In the last month or so we’ve received four separate very slick mailings from Michelle Rhee’s organization, Students First.

Yesterday in Jefferson City we had the opportunity to speak briefly with Otto Fajen, the Missouri National Education Association Legislative Director, about education issues at the Capitol:

Show Me Progress: What’s your assessment of the legislative session?

Otto Fajen, Legislative Director, MNEA: I think the assessment is that they are in danger of, uh, really dropping the ball when there was consensus on some common sense pieces because those have been held hostage to, uh, kind of an out of state well funded Wall Street, uh, agenda.

Show Me Progress: And, and this is, uh, in, in reference to, uh, sort of an education, uh, kind of reform movement that’s funded from out of state?

Otto Fajen: Right. Right, I’m talking about Students First. Uh, it’s a new, relatively new group. They set up shop in Missouri. They’re in about a dozen other states. Um, they’ve set up, within the last year or so, here in Missouri. And they’re pushing various versions of kind of an anti, uh, worker anti union agenda couched in terms of, oh, we’re all about the kids, uh, hence the name, Students First…

…Show Me Progress: And, and we’ve noticed it in, in our area, we’ve been getting a lot of mail from them.

Otto Fajen: Yeah, they’ve had a lot, they have the money to do a lot of media campaigns. And it’s interesting because they, they want to portray themselves as, um, you know, very progressive, you know, kind of, friendly to both parties and yet, when you look at their leadership, you look at Michelle Rhee, she’s kind of working in, in, uh, partnership with all of the usual figures, Scott Walker, Chris Christie, all the folks you see leading the charge in their respective states to try to take away rights for workers.

Show Me Progress: Uh, and, and do we have any idea who’s funding this?

Otto Fajen: Um, I think I, we’ve heard that indications that Eli Broad, uh, the Koch brothers, um, I think we’ve seen some indications that there’s a bit of an alliance with Rex Sinquefield, the Missouri, uh, funder of such causes. And I’m sure there are others.

Show Me Progress: And, and ultimately, what is their agenda?

Otto Fajen: Well, it, it’s hard to tell exactly what their specific policy desire is this year in Missouri ’cause their legislation has bounced all around. Um, but in general there’s a mistrust that, um, organization of workers can play a positive role, in particular in education. You know, when Americans come together with a collective voice somehow that’s gonna necessarily be something that’s to be distrusted and, and, uh, also, and I, the notion they communicate is that teachers get lazier and, and less, less productive as they get older.
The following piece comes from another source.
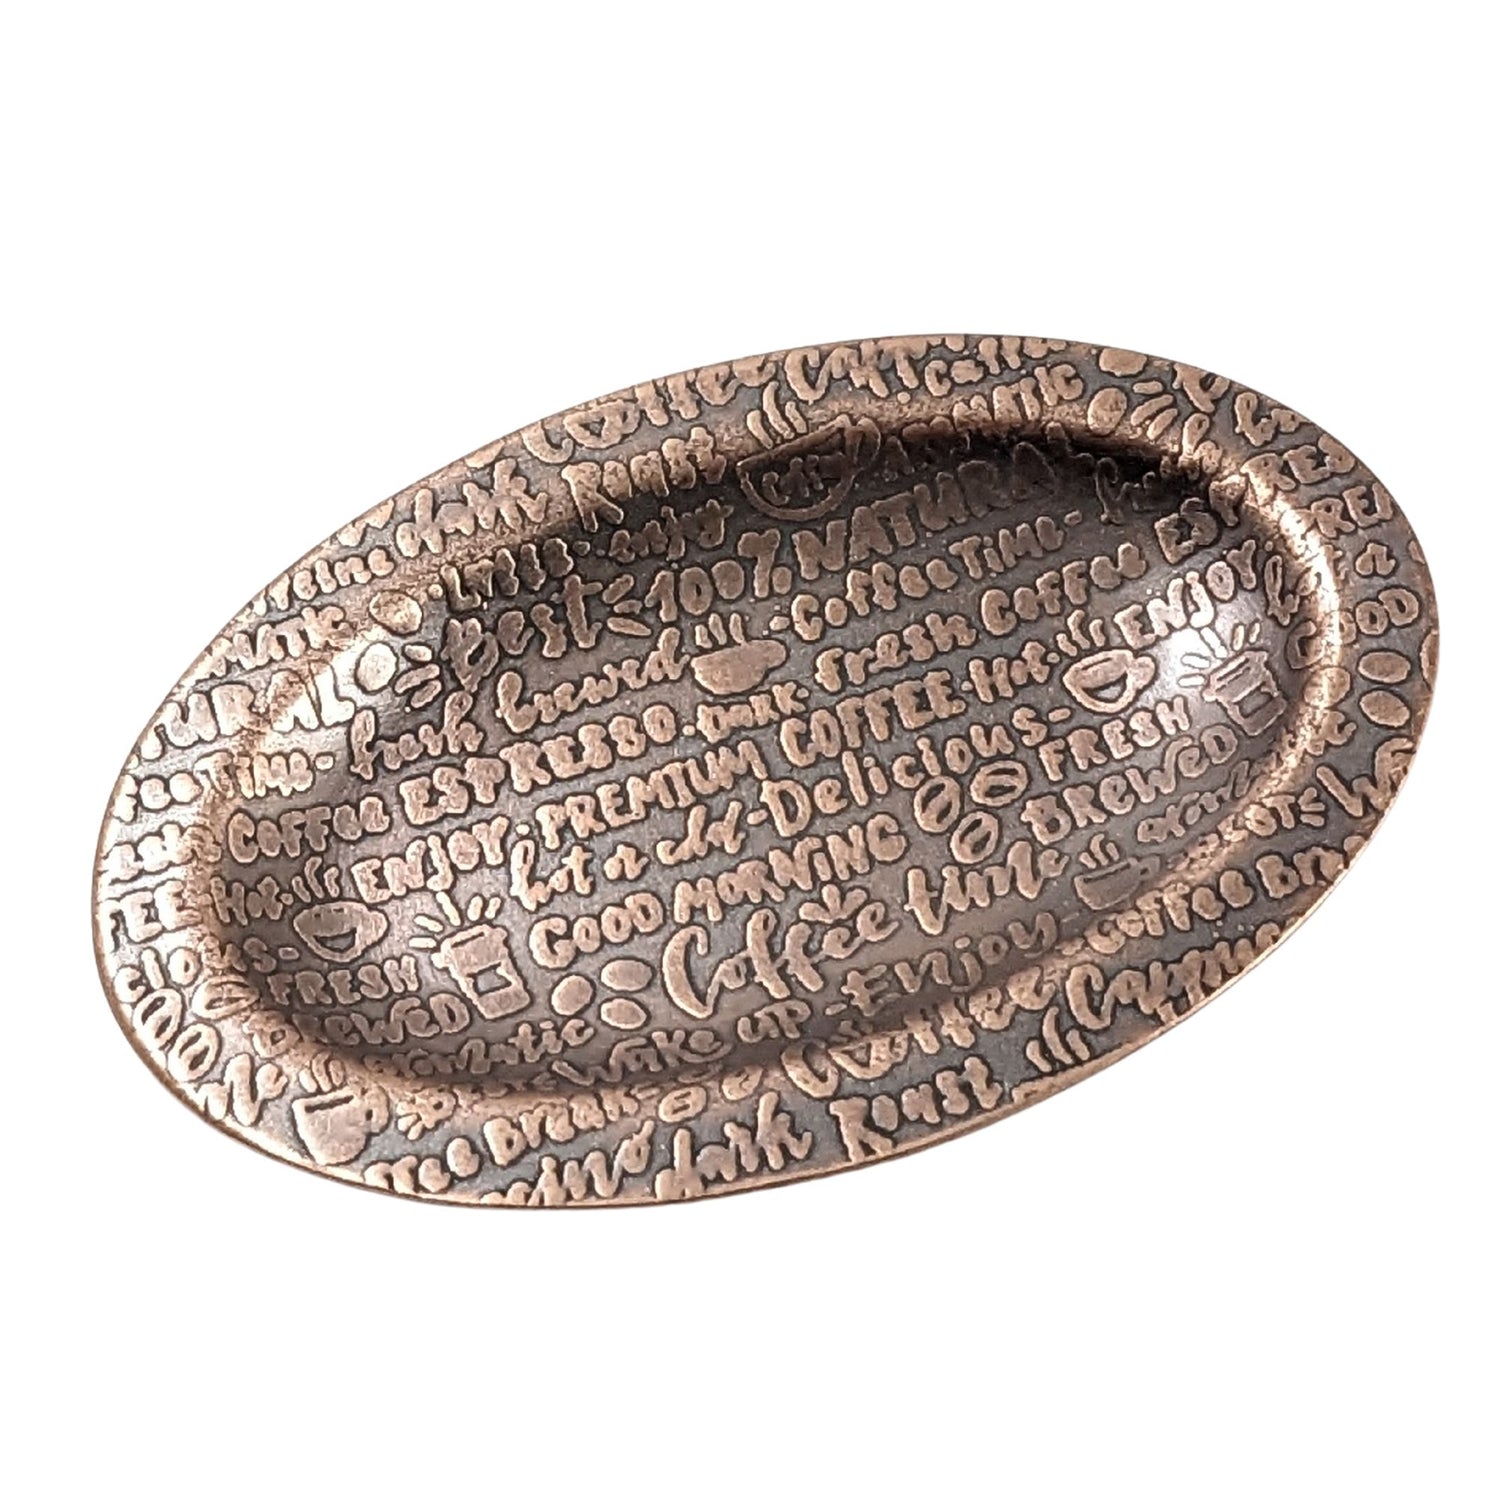 An oval copper ring dish with a raised edge. The dish has an impressed words that describe coffee like premium, good morning, wake up, fresh brewed, expresso, and more.

Uh, that there’s no value to experience, of learning how to really work your classroom and make sure that you’re taking care of the need of all the kids.

Show Me Progress: Uh, isn’t a big part of, uh, their agenda, this, sort of like standardized testing?

Otto Fajen: We’ve also seen that they want to really push that and it, it’s so the wrong direction for Missouri to overemphasize a very limited notion of the overall goal of public education. Uh, we’re really at risk of restricting, kind of dumbing down and confining the focus of public education. And it’s really, there’s no evidence whatsoever that this mania caused by No Child left Behind and, and state efforts that are leveraged by that has really produced anything beneficial. And in fact, most of the evidence is it’s a problem for school systems that left to their own devices would be better able, have more flexibility to really meet the needs of the kids and the parents and the district.

Show Me Progress: and, and isn’t this kind of ironic given, sort of, Michelle Rhee’s history?

Otto Fajen: Yes, it is kind of ironic. She has a kind of a dubious record I would say. Um, from the evidence we see from her history in D.C. public schools, uh, she was only there for a little over two years. Uh, she was very confrontational rather than trying to move the district forward together. She really wanted to attack the teachers, um, caused her to be un, her and the mayor to be unpopular. And now we’ve, you know, although she had touted that her kind of a hard line changes to the ay the district was running were great reforms that were producing great results. Now there’s a federal investigation going in to the, the test company flagged, uh, evidence that there was a lot of right to wrong test erasures. It’s an indicator of some kind of, uh, malfeasance going on in the, in the testing process. And so that, that, uh, kind of a systemic investigation is underway to determine if there, some of those gains were actually brought about because of improper conduct and cheating.

Show Me Progress: In, in the past when, uh, you know, I’ve seen the kind of polling data, when you ask people about their local public schools they have a very high opinion of them and the teachers that are in them. And yet, we get rhetoric that sort of demonizes teachers as, as a group, you know, collectively. Uh, how did we get there?

Otto Fajen: I think fundamentally there is just a group of folks who are troubled by the basic notion of public education. It’s, it’s not a free market thing. It’s very much a collective effort of our country and of our state. It’s saying, this is important, this is essential for Democracy, this is essential for everybody’s economic well being, we pool together our resources. There are folks who just don’t, that’s just not their approach to things, they don’t like the idea that we work together and we support and, and help everybody move forward together. And so the teachers are kind of at the center of the wok of doing that, and so they, unfortunately, have kind of become the target. Even though Gallup polling shows that right now, they’ve been polling on what people think about their local school district, and the support for the district, the teachers and, and the programs, it’s never been higher than it is now in twenty-five years they’ve polled.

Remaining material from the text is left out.